━━ GIVEN INFORMATION

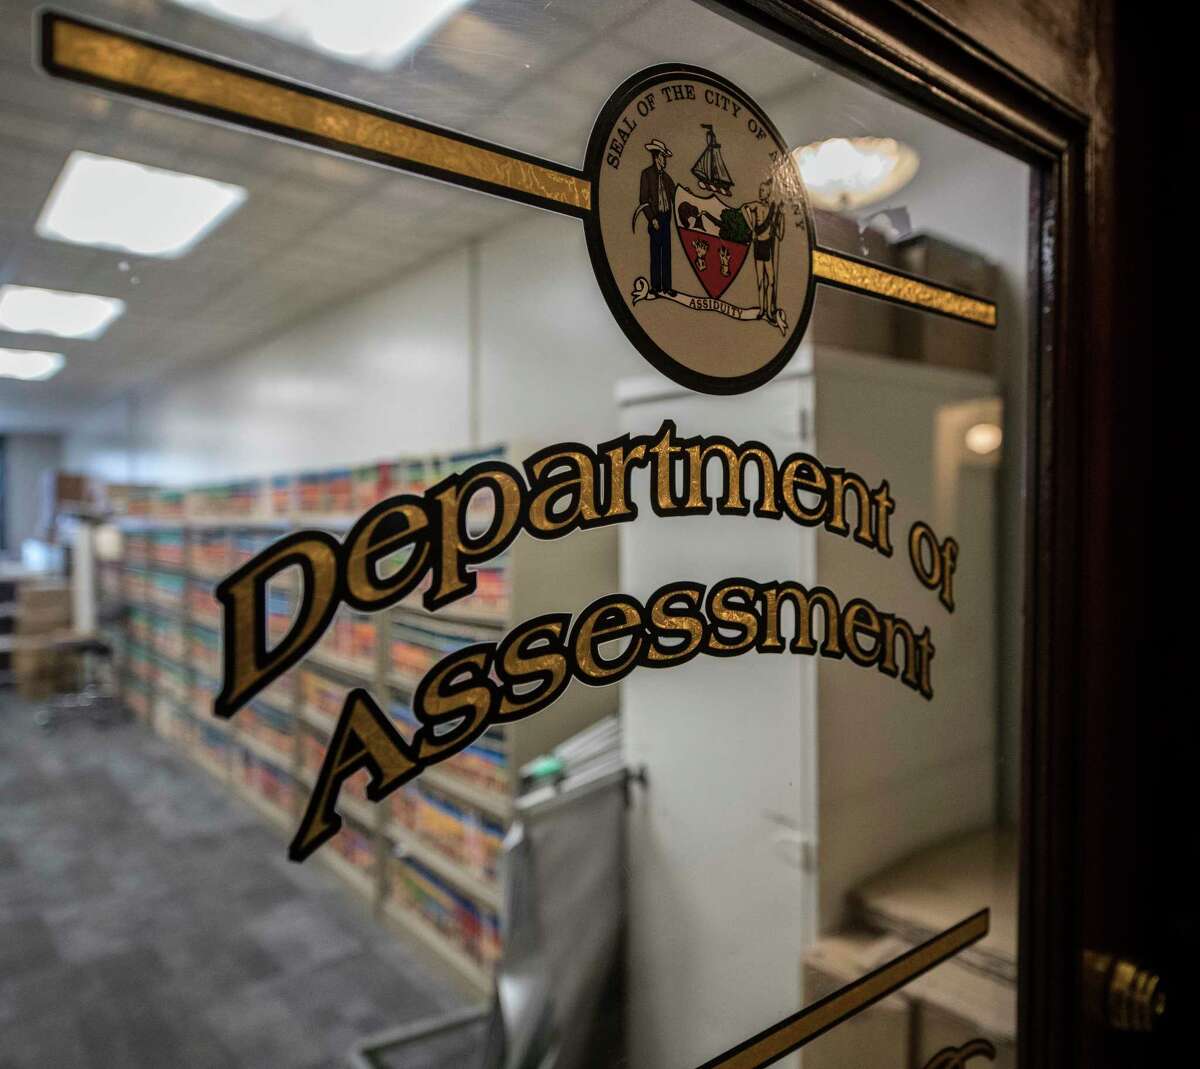 The logo on the door of the Department of Assessment in City Hall Thursday Dec 14, 2017 in Albany, N.Y. (Skip Dickstein/ Times Union)
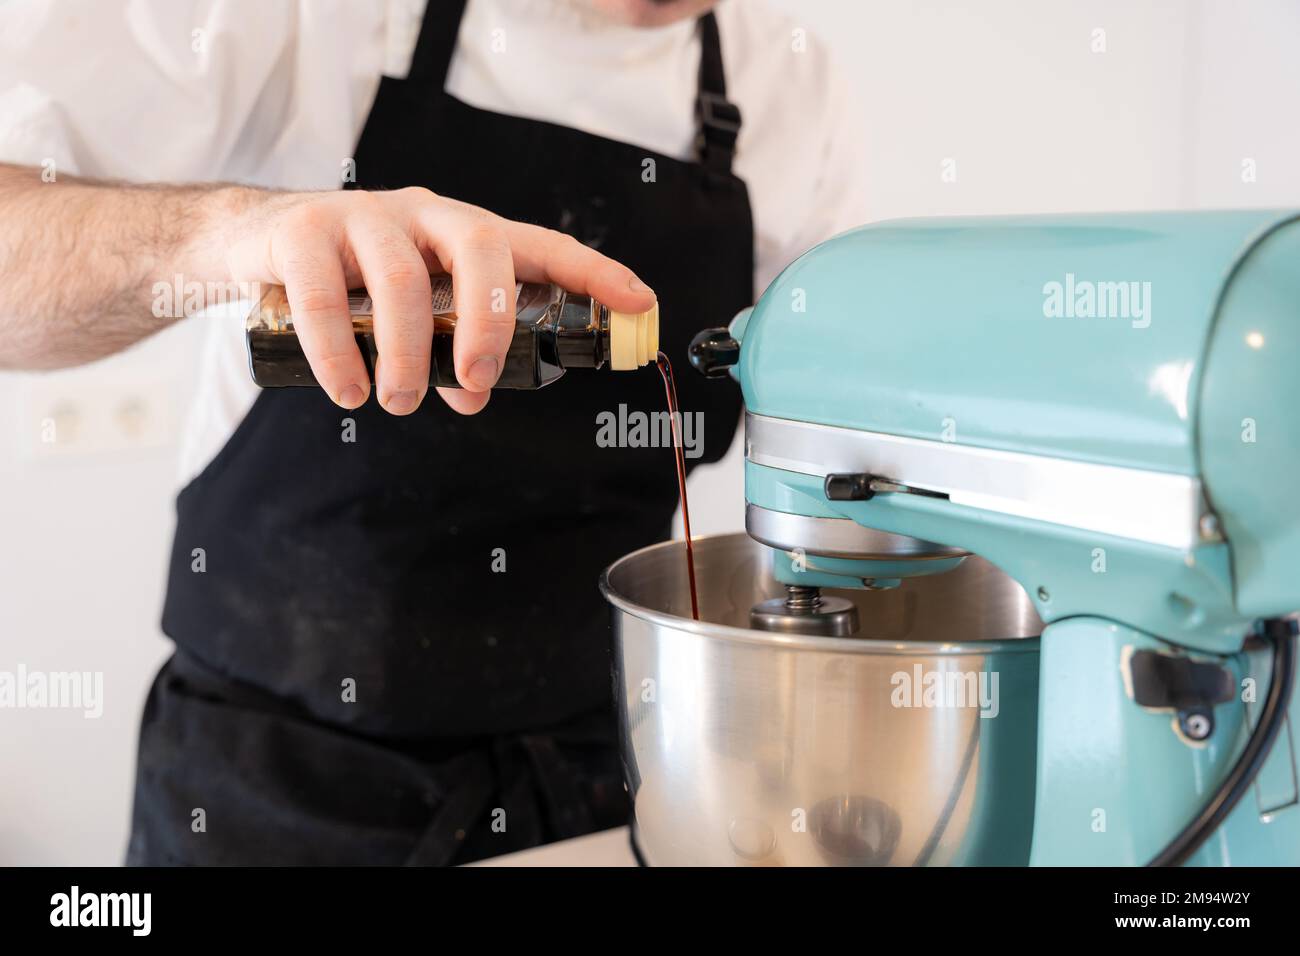 A man baker cooking a red velvet cake at home, preparing the cake by adding vanilla cuttlefish in the food processor, work at home Stock Photo
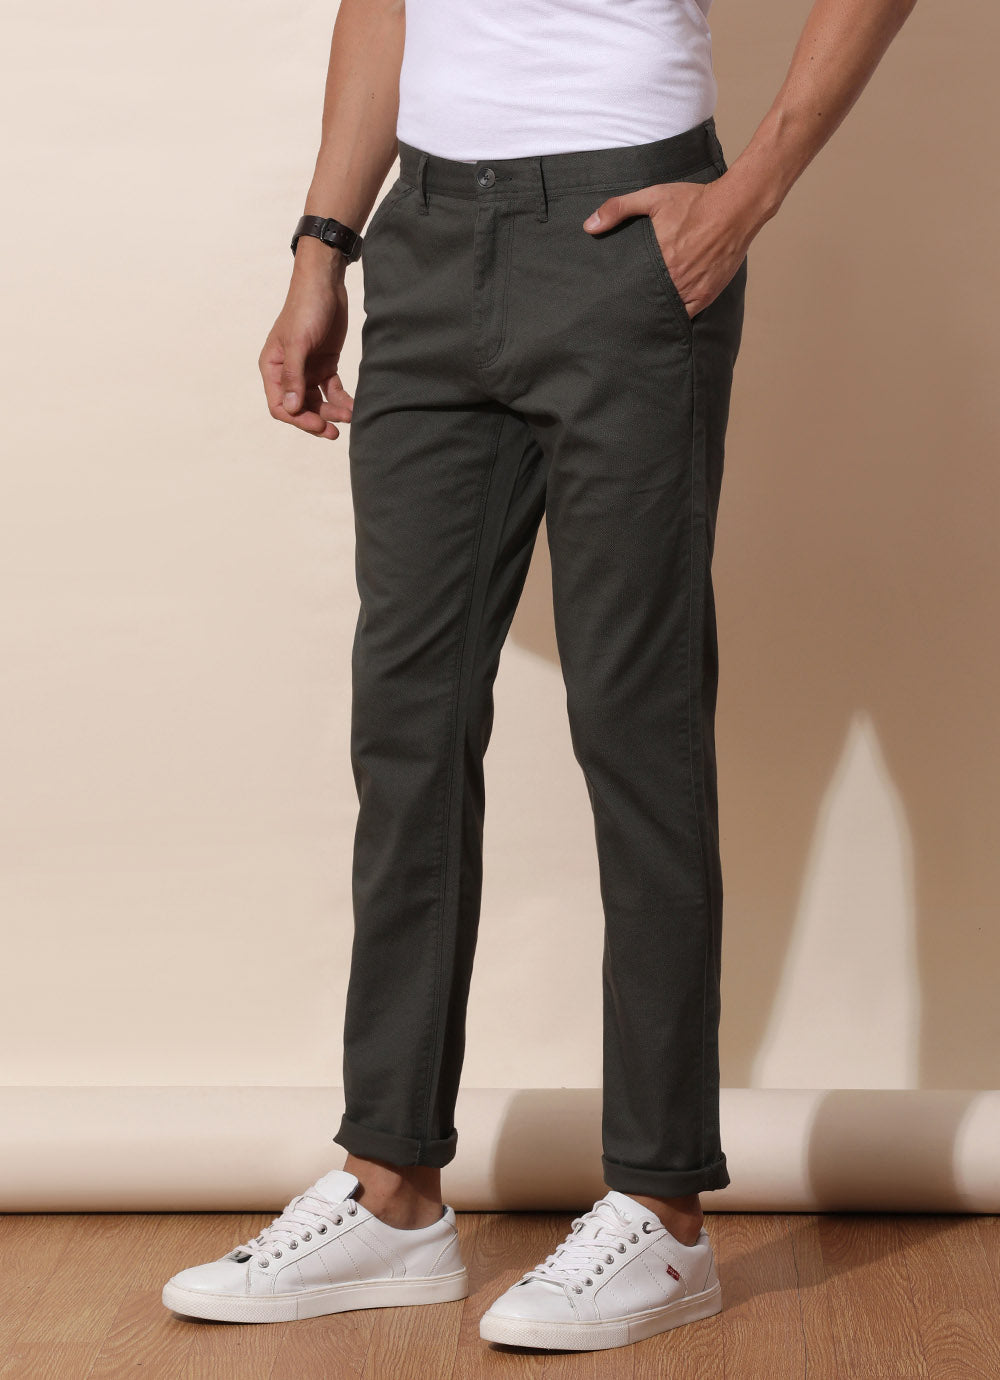 Olive Printed Slim Fit Cotton Trouser
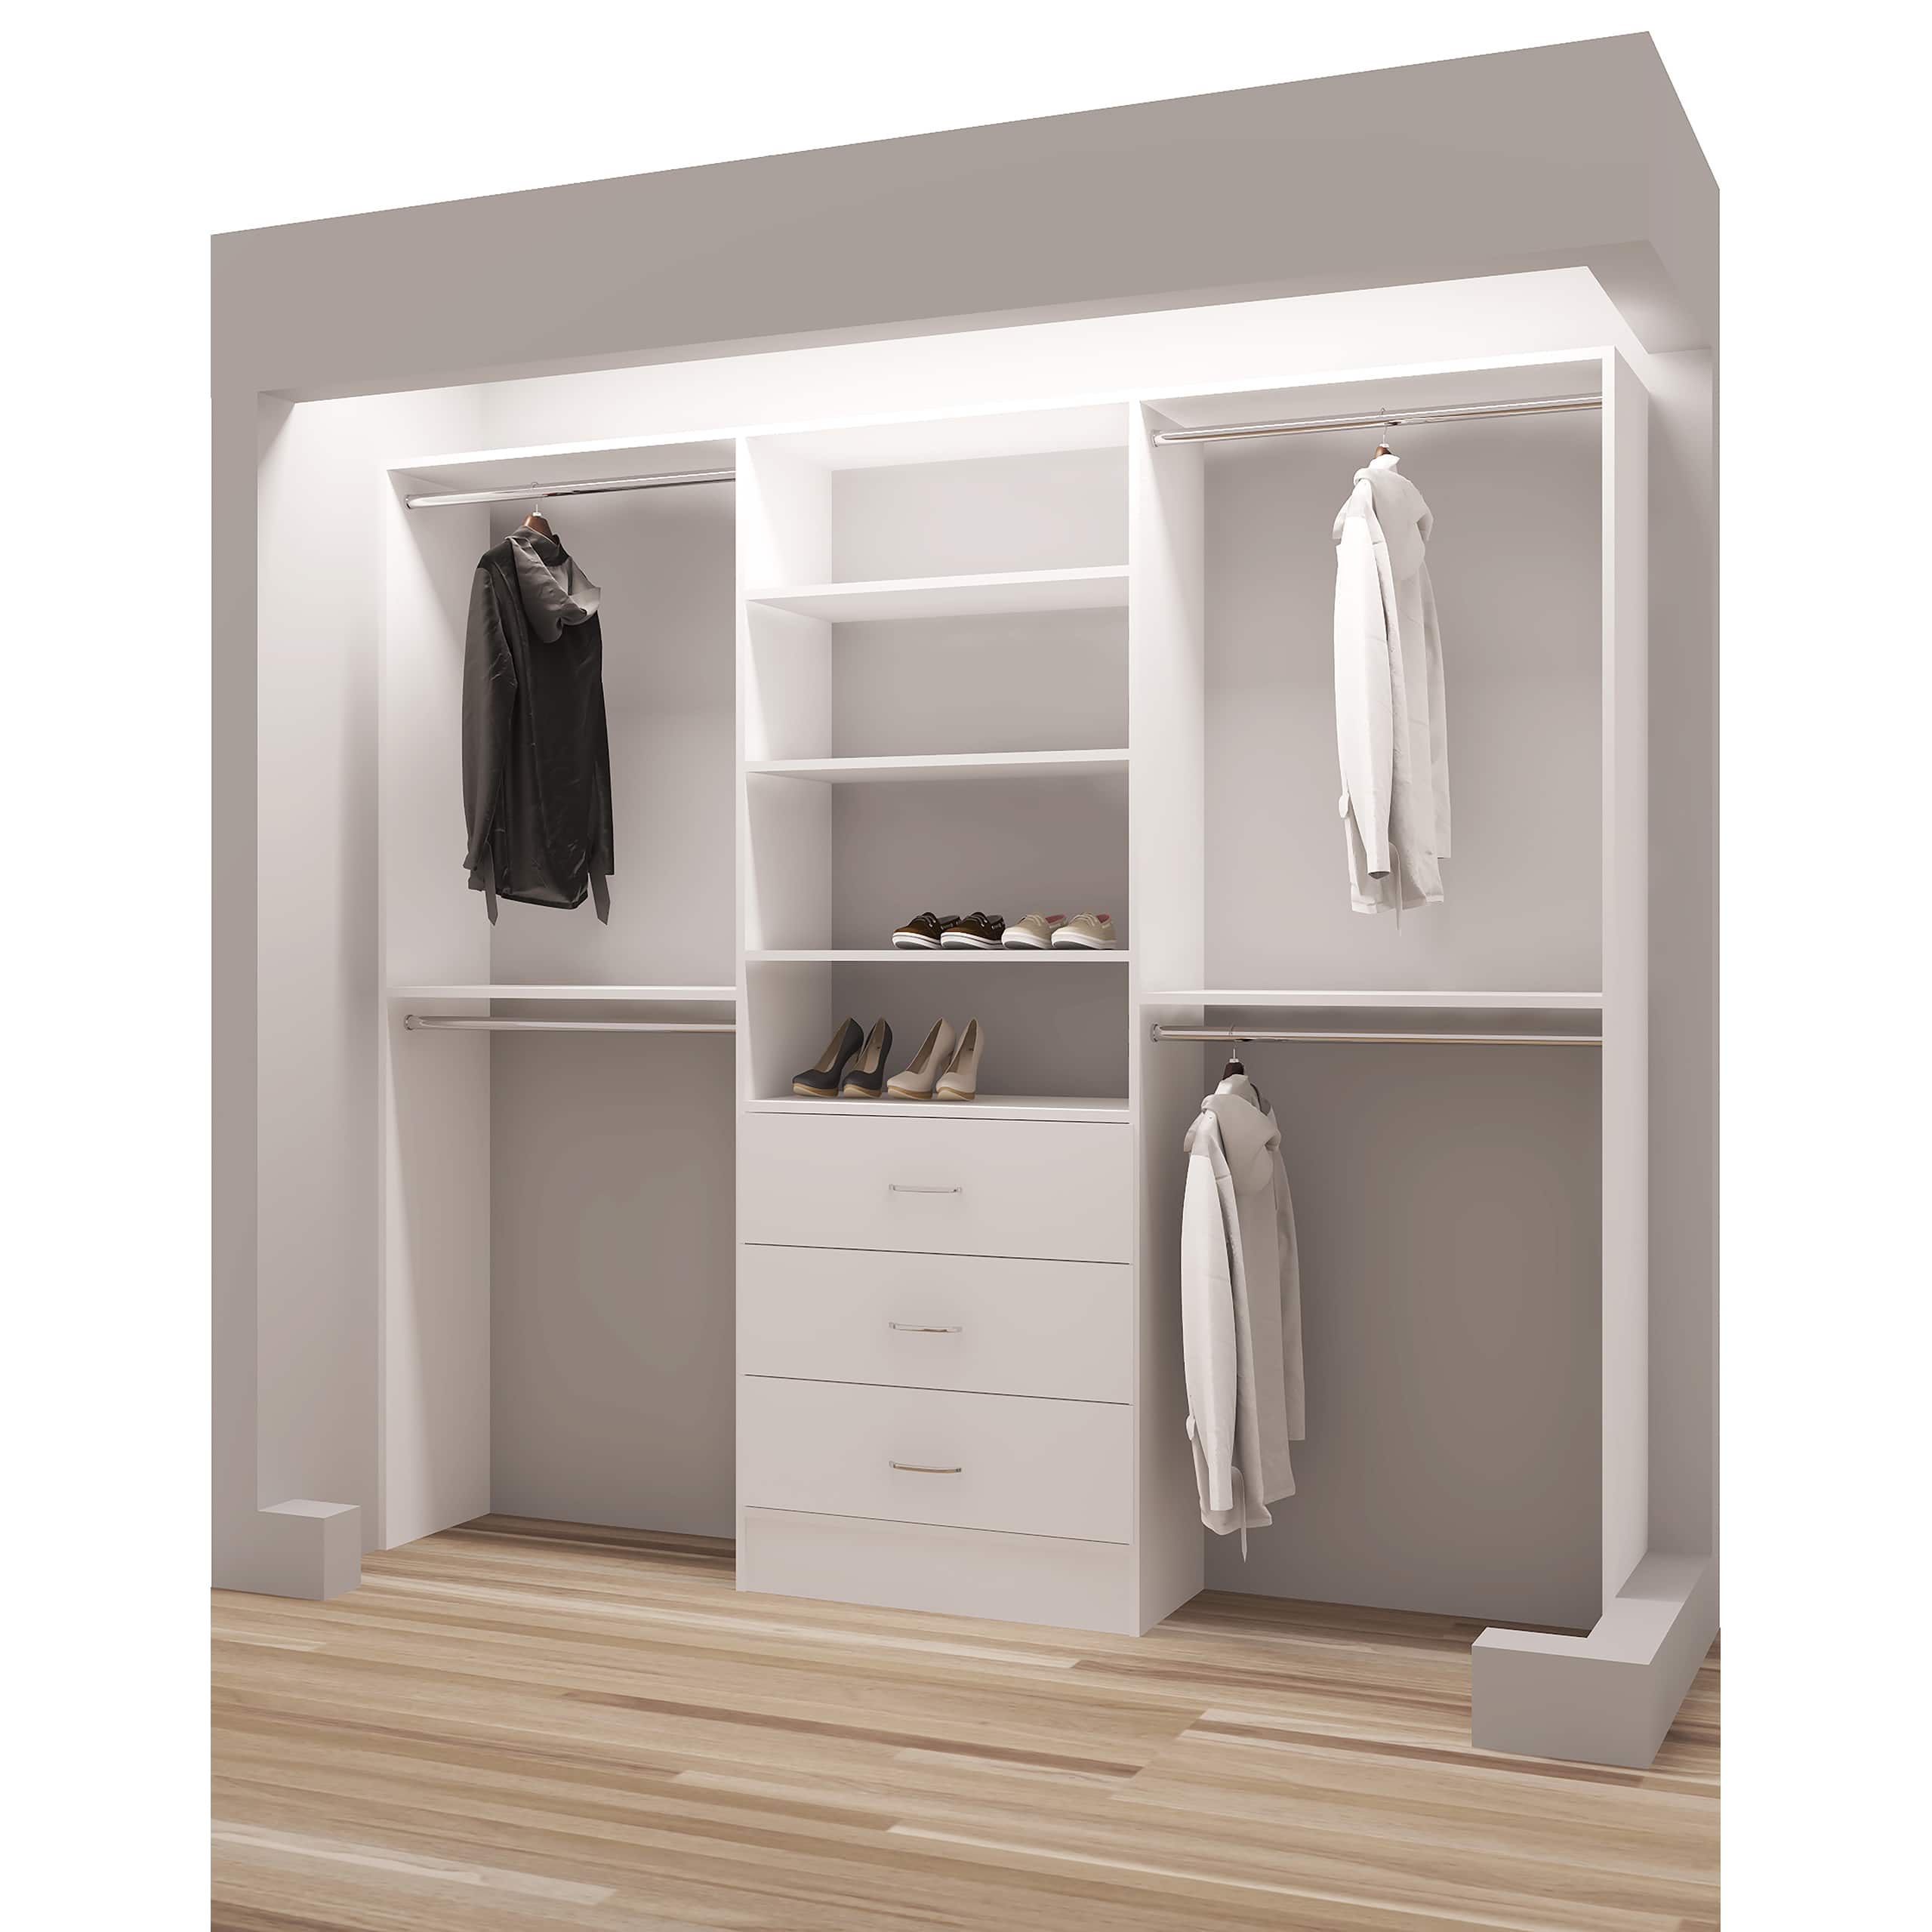 Buy Closet Organizers & Systems Online at Overstock.com | Our Best

━━━━

DIRECTIONS:
Quote precisely the lines of the data from the line containing "A man baker" through its final line, both included, excluding pictures.

RESULT:
 A man baker cooking a red velvet cake at home, preparing the cake by adding vanilla cuttlefish in the food processor, work at home Stock Photo
 Olive Printed Slim Fit Cotton Trouser
 Buy Closet Organizers & Systems Online at Overstock.com | Our Best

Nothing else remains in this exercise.